A retrospective tissue audit review of patients with biopsy proven lacrimal gland inflammatory disease. Those with thyroid eye disease, infections and lymphoproliferative diseases were excluded.
A total of 21 patients were reviewed in this study, which accounted for 76.9% of the patients with biopsy proven orbital inflammation. The age of the patients ranged from 12 to 64 years, with a mean of 40.6 years of age. There was no age predeliction among the specific and non-specific inflammation groups of patients. Among the 2 groups, 42.9% of patients (9 patients) were diagnosed to have specific inflammation, whilst the remaining 57.1% (12 patients) were non-specific disease. Within the specific inflammatory group, majority were sclerosing inflammation (4), while the other 4 were related to kimura’s inflammation (2), Wegener’s granulomatosis and Systemic Lupus erythematosus (SLE).

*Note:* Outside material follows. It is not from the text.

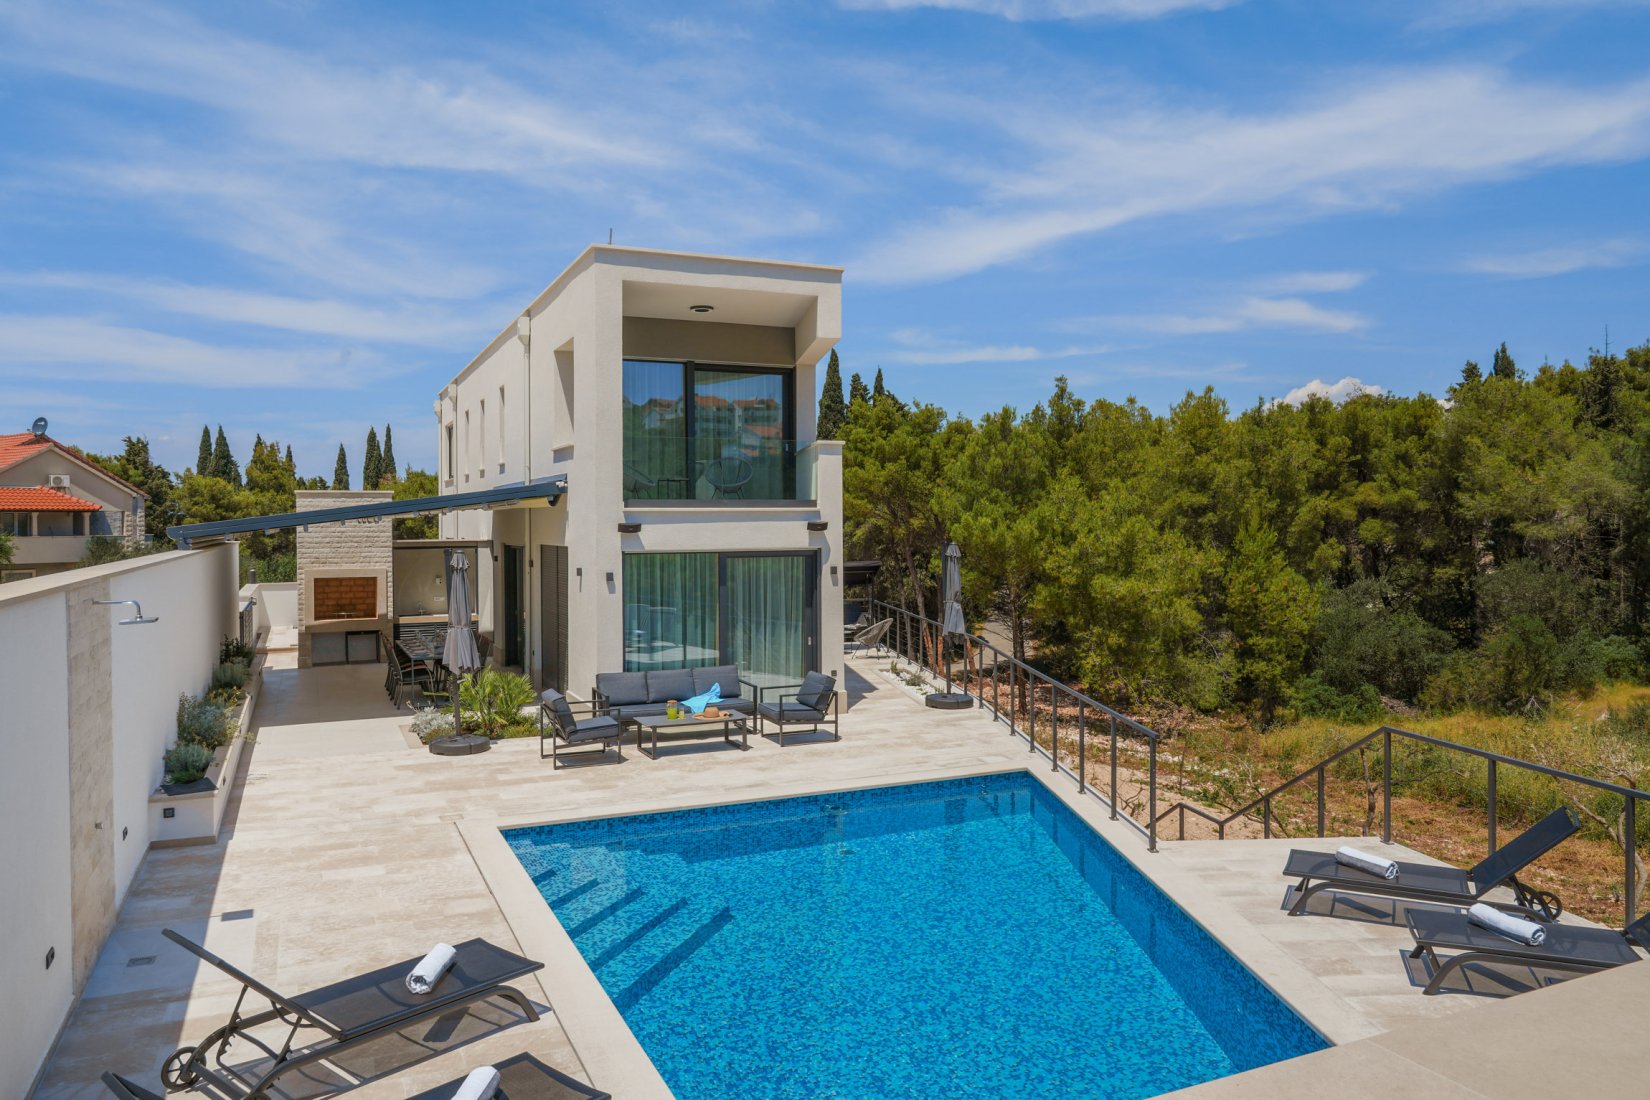 BRAC LUXURY VILLAS - Luxury Villa Supetar Aquamarin with pool on island of Brac in town of Supetar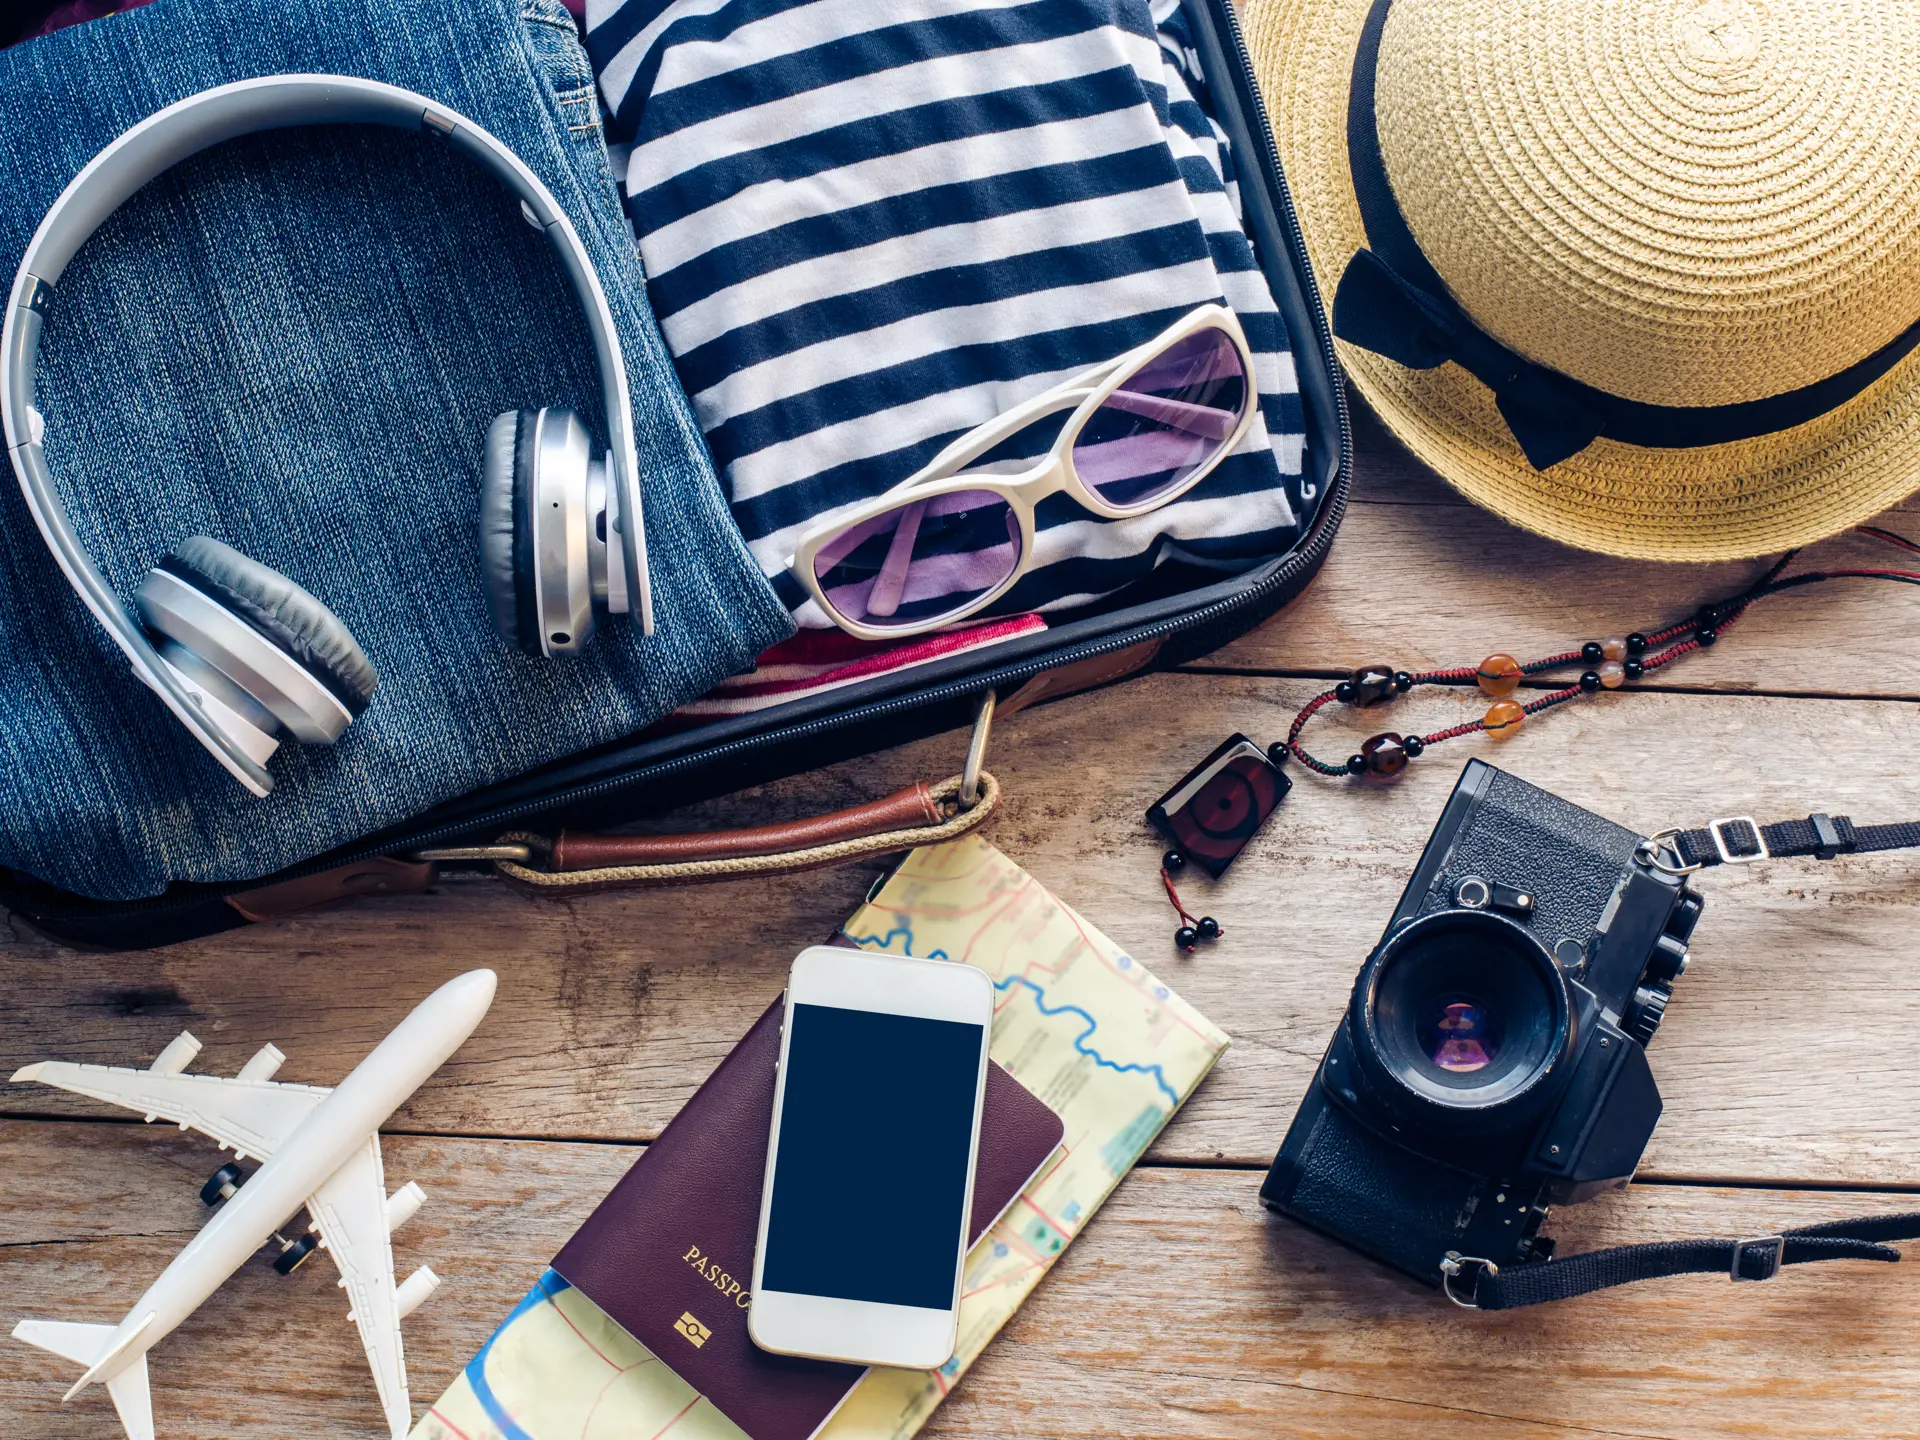 shutterstock_374838787 Clothing traveler's Passport, wallet, glasses, smart phone devices, on a wooden floor..jpg

The 3 most common presenting symptoms in both groups were: pain, redness and swelling and majority (66%) of the patients presented with chronic onset of symptoms of more than 1 month duration. Systemic associations were only found in the group with specific inflammation. (5 patients - Kimura’s inflammation, SLE, Wegerner’s granulomatosis, Alopecia) The most common therapy instituted was systemic steroids. Those in the specific inflammatory group generally required longer durations of steroid treatment (mean = 16.1 months) as compared to an average of 3.9 months in group with non-specific inflammation.
Lacrimal inflammation accounts for majority of the orbital inflammatory disease. Histological diagnosis is important in establishing the nature of the inflammation which can then guide the duration and response to treatment.